WHAT IS NOT IN HAMLET?
In I.ii Brutus answers when Cassius is goading him into the conspiracy against Caesar: “Into what dangers would you lead me, Cassius,/That you would have me seek into myself/ For that which is not in me? (62-4)” Why does Hamlet not answer the same to the ghost urging him to avenge his assassination: “Why would you have me seek into myself for that which is not in me?” For it is no real news to Hamlet when the ghost tells him how he was murdered by his brother Claudius. Hearing it from the ghost Hamlet exclaims; “O my prophetic soul! My uncle!” (I.iv.41). Yet Hamlet has by then undertaken nothing to verify this suspicion, let alone to act upon it. He seems to have repressed or even deliberately forgotten it, “like a fat weed that roots itself in ease on Lethe wharf.” “Wharf” is here to be understood in the original sense of “bank”, Lethe is the river of forgetfulness in Greek mythology. The words of the ghost sound like a reproach for Hamlet’s inactivity and lack of inner disposition:
I find thee apt
And dullier shouldst thou bee than the fat weed
That roots itself in ease on Lethe wharf,
Wouldst thou not stir in this. (I.v.32-34)
The lack of action and inner disposition toward revenge in reality are those attitudes for which Hamlet chides himself after the declamation of the player (II.ii.501-514):
O what a rogue and peasant slave am I!
Is it not monstrous that this player here,
But in a fiction, in a dream of passion,
Could force his soul so to his own conceit
That from her working all his visage wann’d,
Tears in his eyes, distraction in his aspect,
A broken voice, and his whole function suiting
With forms to his conceit? And all for nothing!
For Hecuba!
What’s Hecuba to him, or he to her,
That he should weep for her? What would he do
Had he the motive and the cue for passion
That I have? (544-556)
We then see Hamlet strive to bridge the gap between the outward obligation imposed by the ghost and his inner disposition. Properly considered, Hamlet does it the same way as the player with regard to Hecuba, “forcing his soul to his own conceit”, striving to overpower his inner inclination by autosuggestion, spurring himself through self-accusation:
A dull and muddy-mettled rascal, peak
Like John-a dreams, unpregnant of my cause,
And can say nothing — no, not or a king,
Upon whose property and most dear life
A damn’d defeat was made. Am I a coward? (II.ii.562-6)
When on the way to England he observes Fortinbras’ army marching to Poland, the same pattern is re-iterated:
Exposing what is mortal and unsure
To all that fortune, death, and danger dare,
Even for an eggshell. Rightly to be great
Is not to stir without great argument,
But greatly to find quarrel in a straw
When honour’s at stake. How stand I then,
That have a father kill’d, a mother stain’d (IV.iv.51-57)

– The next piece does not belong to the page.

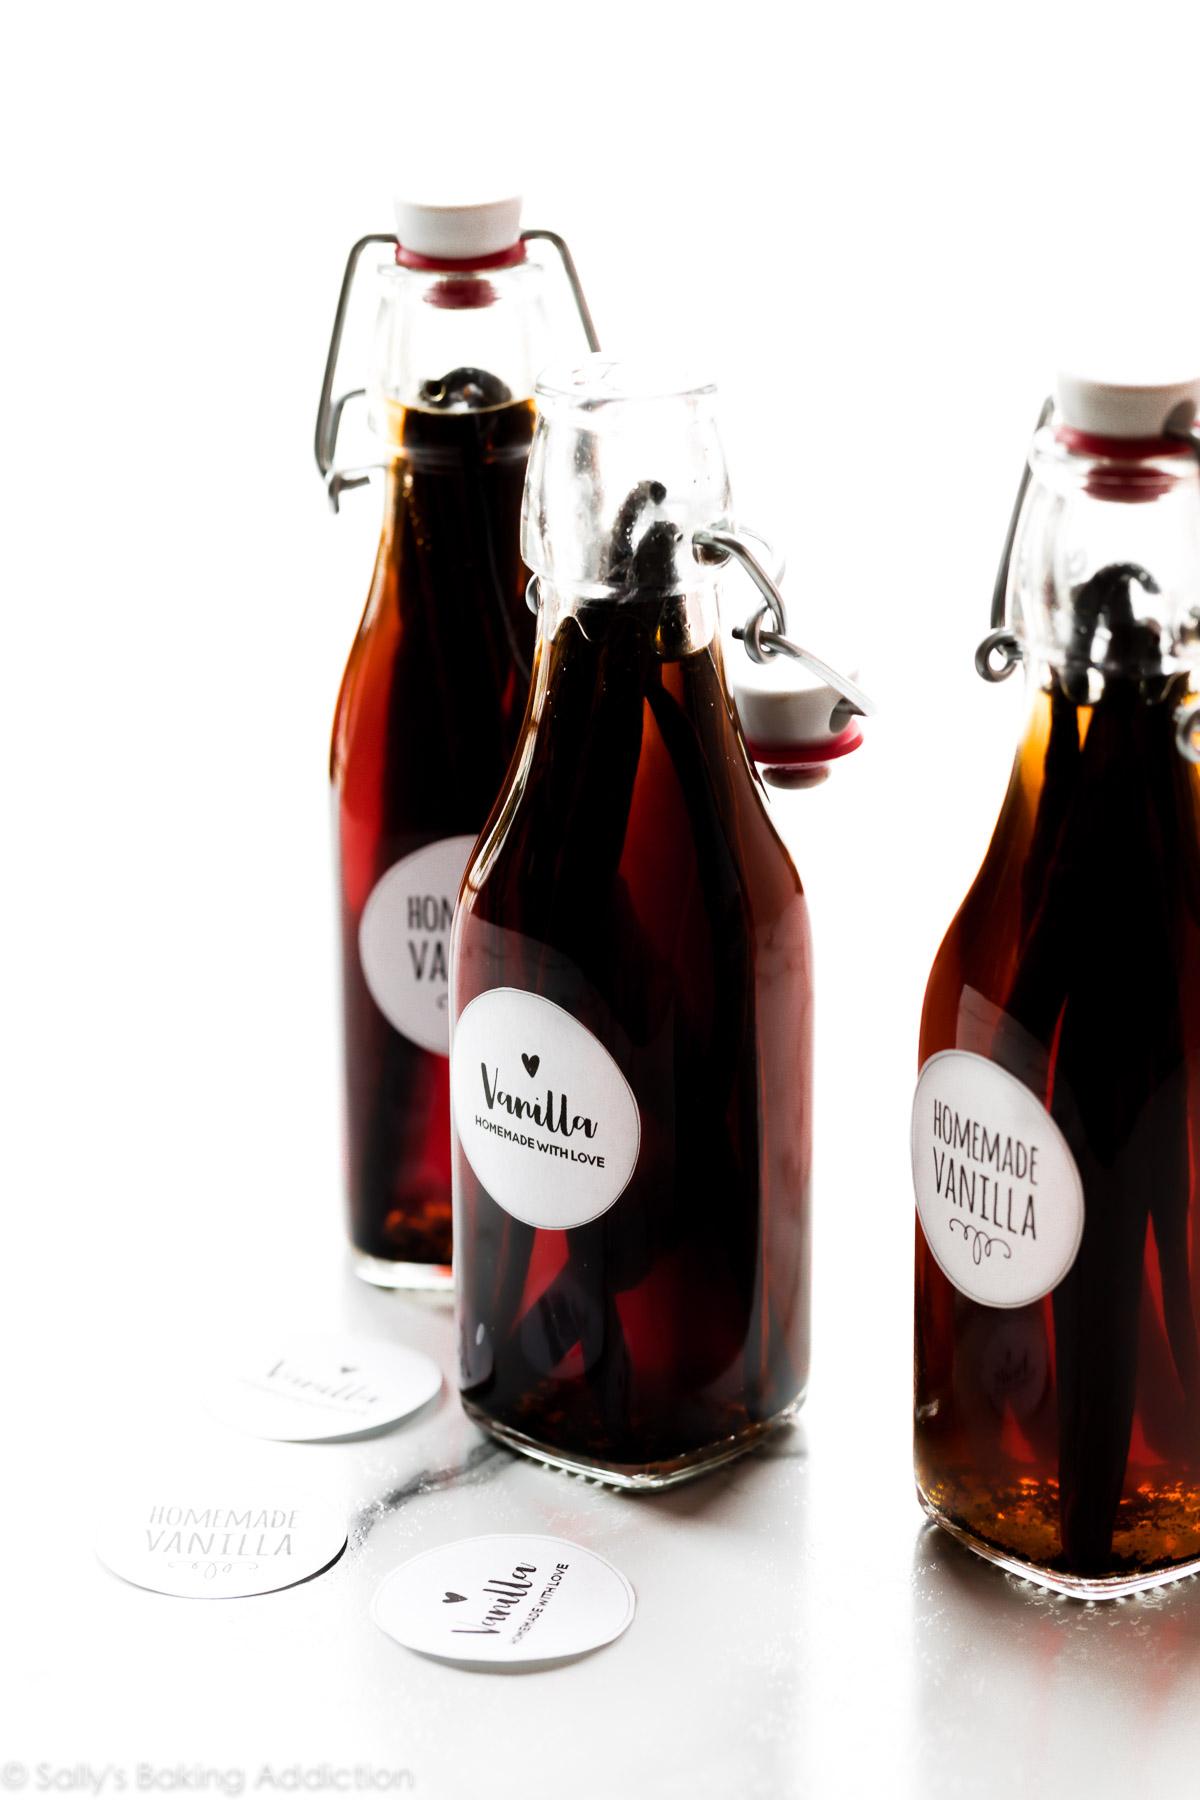 extrait de vanille maison dans des bouteilles en verre

However, his inner disposition demurs:
And let all sleep, while to my shame I see
The imminent death of twenty thousand men
That for a fantasy and trick of fame,
Go to their graves like beds, fight for a plot
Whereon the numbers cannot try the cause,
Which is not tomb enough and continent
To hide the slain? (IV.iv.59-65)
These last words build up a dam against the the preceding words with which Hamlet tries to tune himself to resolute action. In an ultimate overcompensating attempt he dispels this inner dictate of reason to reinstate the dictate of unimpaired action.
O, from this time forth
My thoughts be bloody or be nothing worth. (IV.iv.65-66)

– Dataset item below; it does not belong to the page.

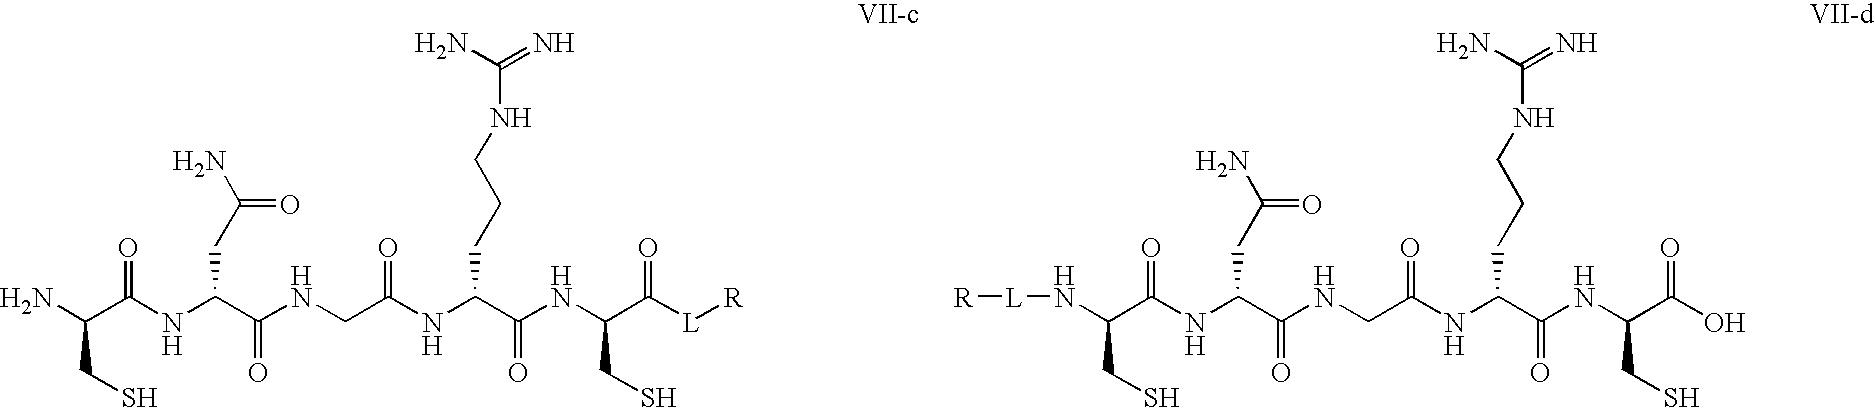 Figure US20090110662A1-20090430-C00026

But in this scene no occasion exists for such action. In fact, Hamlet is not someone determined to act here: he is acting as an actor only , like the player in II.ii with regard to Hecuba.
WHAT IS IN HAMLET?
“Shakespeare was, after all, a man subdued to the aesthetic,” Helen Vendler remarks in The Art of Shakespeare’s Sonnets (Cambridge, MA, 1997, p.15). As an example she cites the phrase “lascivious grace, in whom all ill well shows” in the couplet of sonnet 40. “’Graceful lasciviousness’ would show a speaker properly defining the relation between graceful show and lascivious substance; lascivious grace shows a speaker helplessly enthralled by beauty, for whom the aestethic is the central necessary essence and substance of anything, and for whom other qualities, even deadly sins, are only contingent and adjectival.” (p. 207)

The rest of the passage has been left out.